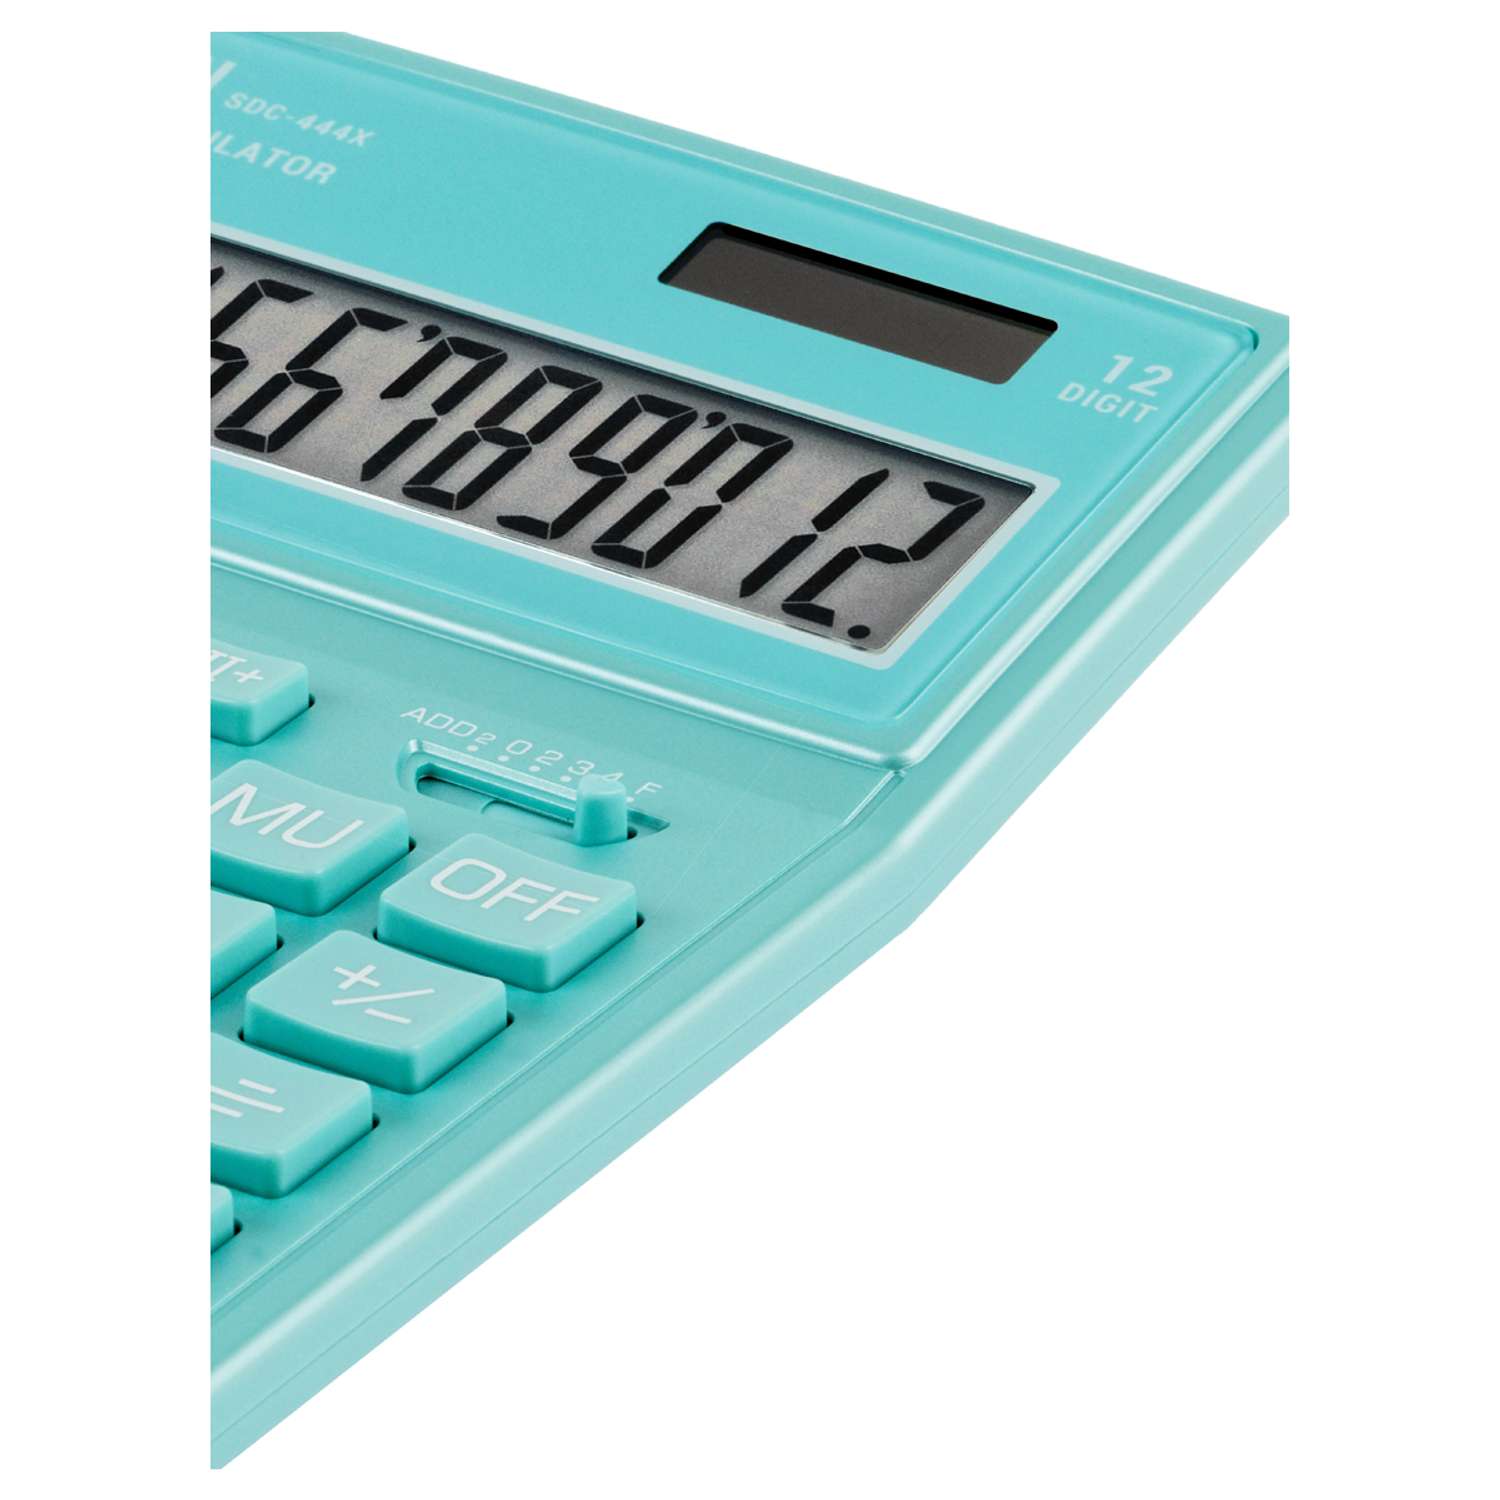 Калькулятор Eleven SDC-444X-GN 12 разрядов двойное питание 155*204*33мм бирюзовый - фото 5
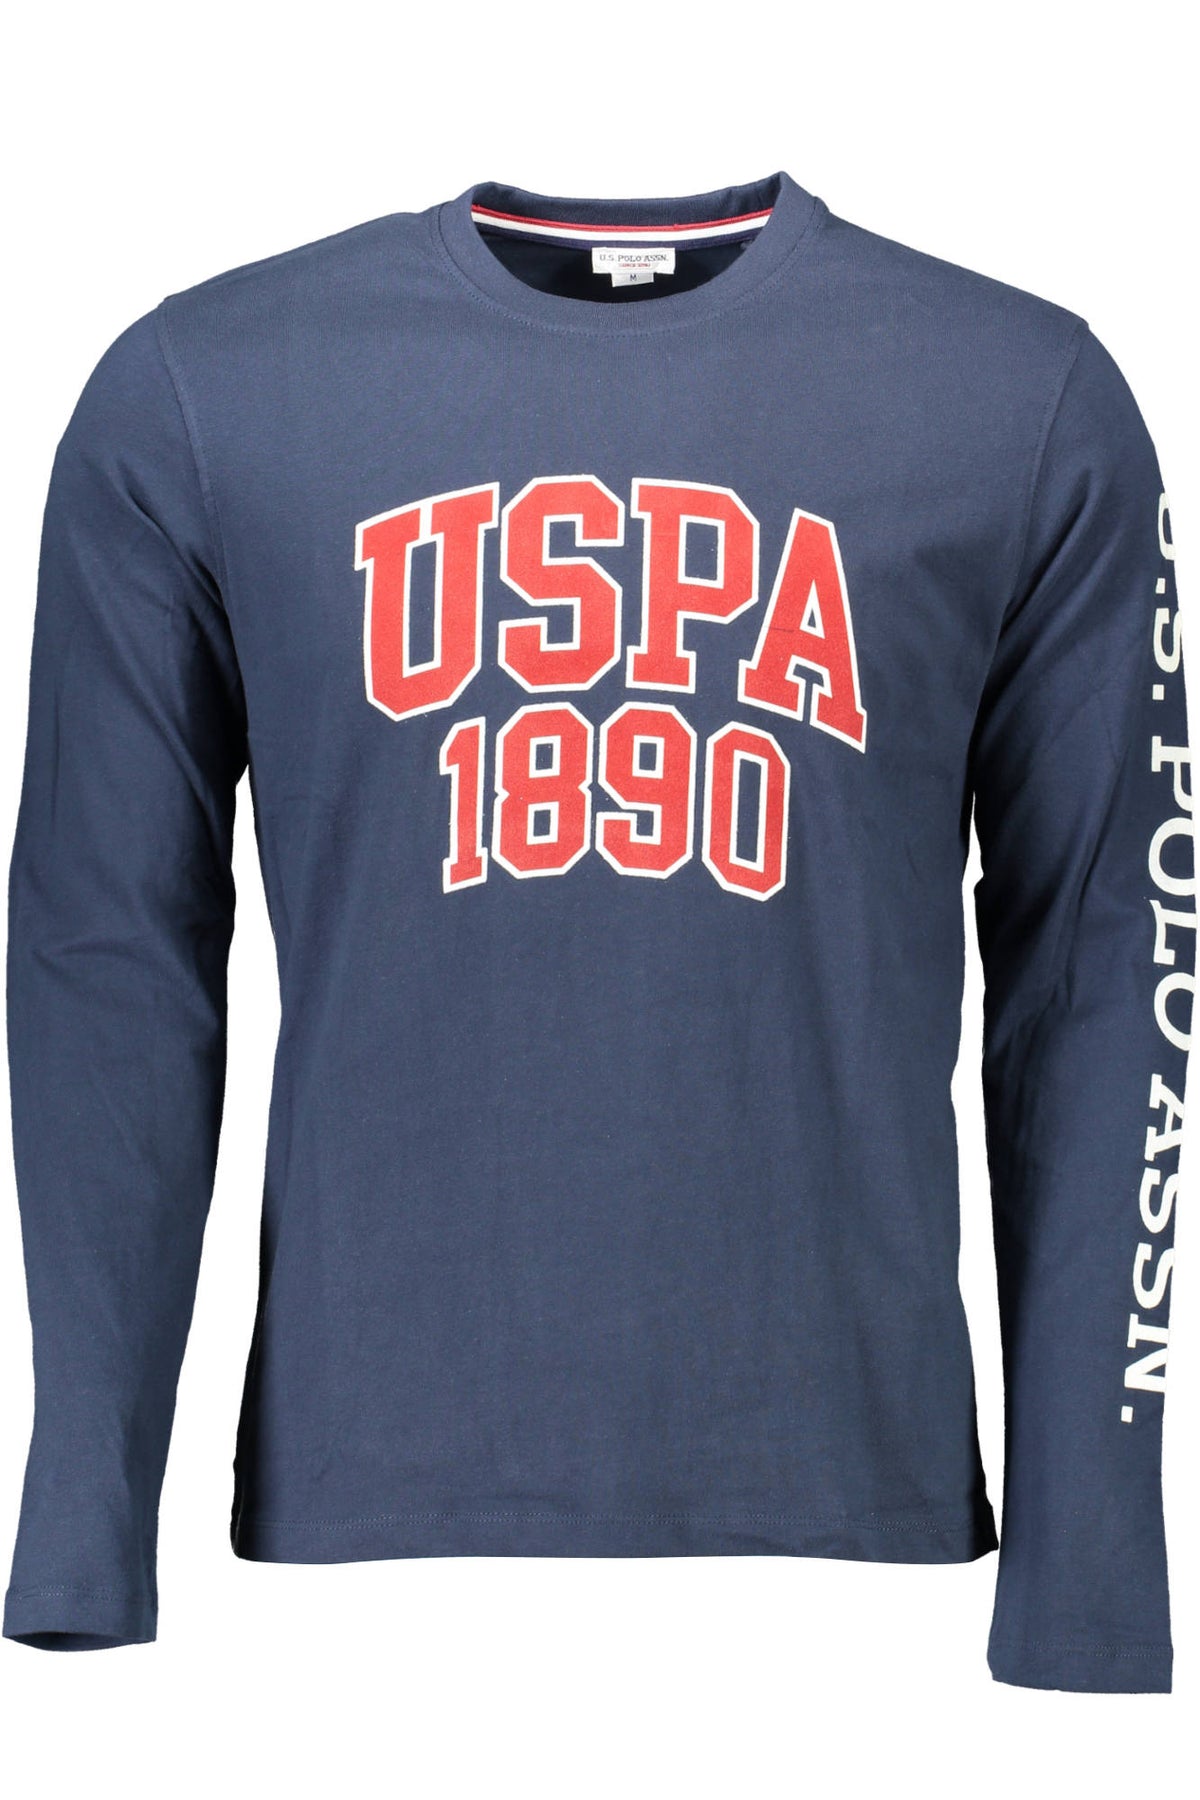 U.S. POLO Herren T-Shirt Shirt Sweatshirt Oberteil mit Rundhalsausschnitt, langärmlig
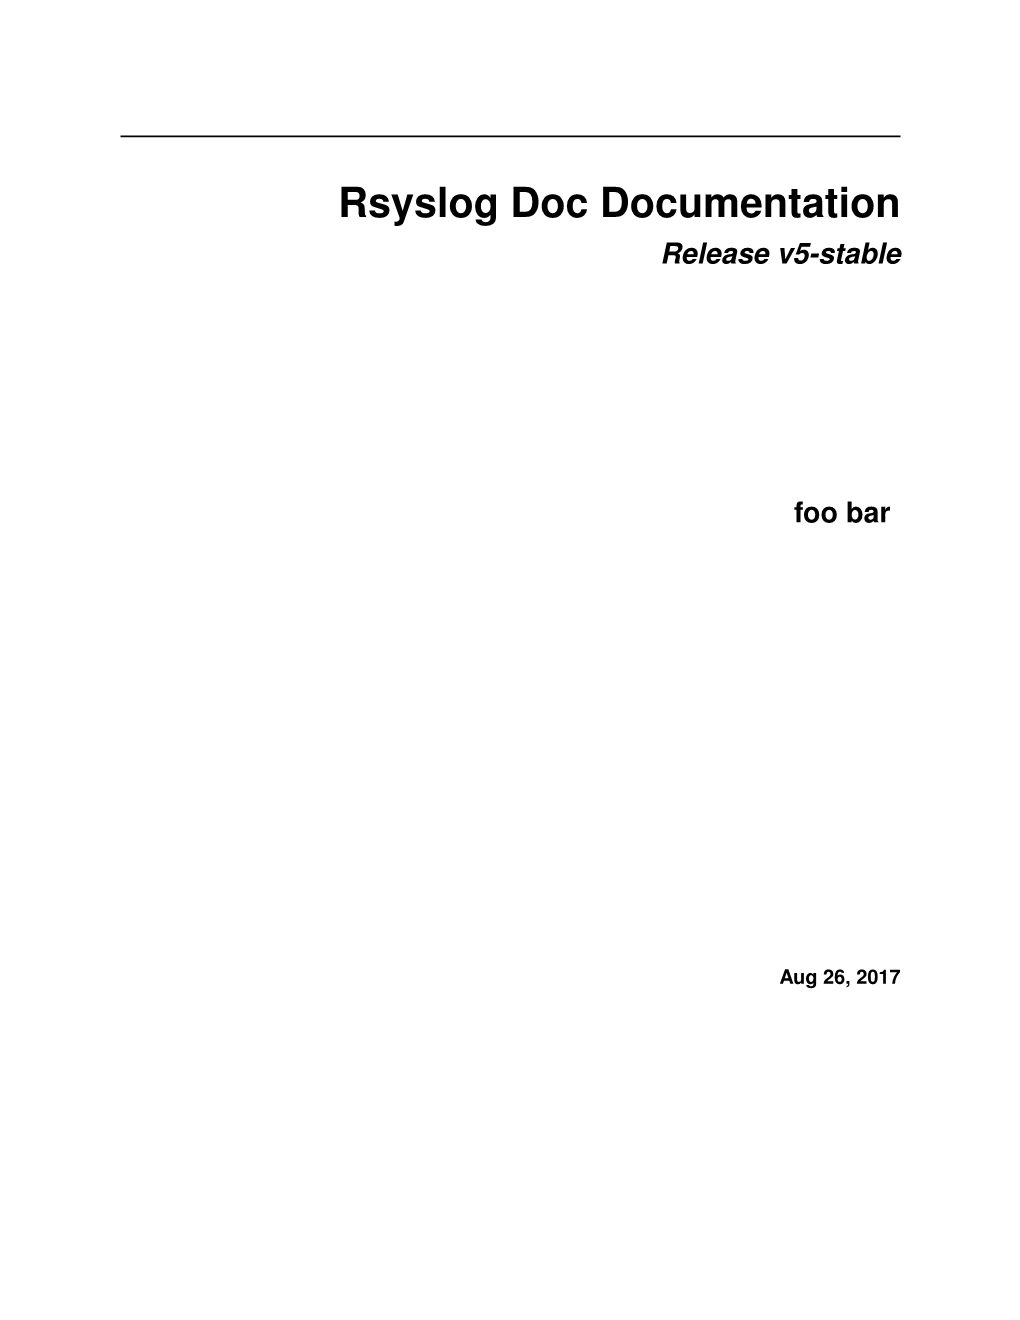 Rsyslog Doc Documentation Release V5-Stable

::::

## Task instructions
Skip all pictures. Write out only the lines from the one containing "U.S. POLO Herren" to the end of the listing above, inclusive, exactly as given.

## Answer space
 U.S. POLO Herren T-Shirt Shirt Sweatshirt Oberteil mit Rundhalsausschnitt, langärmlig
 Rsyslog Doc Documentation Release V5-Stable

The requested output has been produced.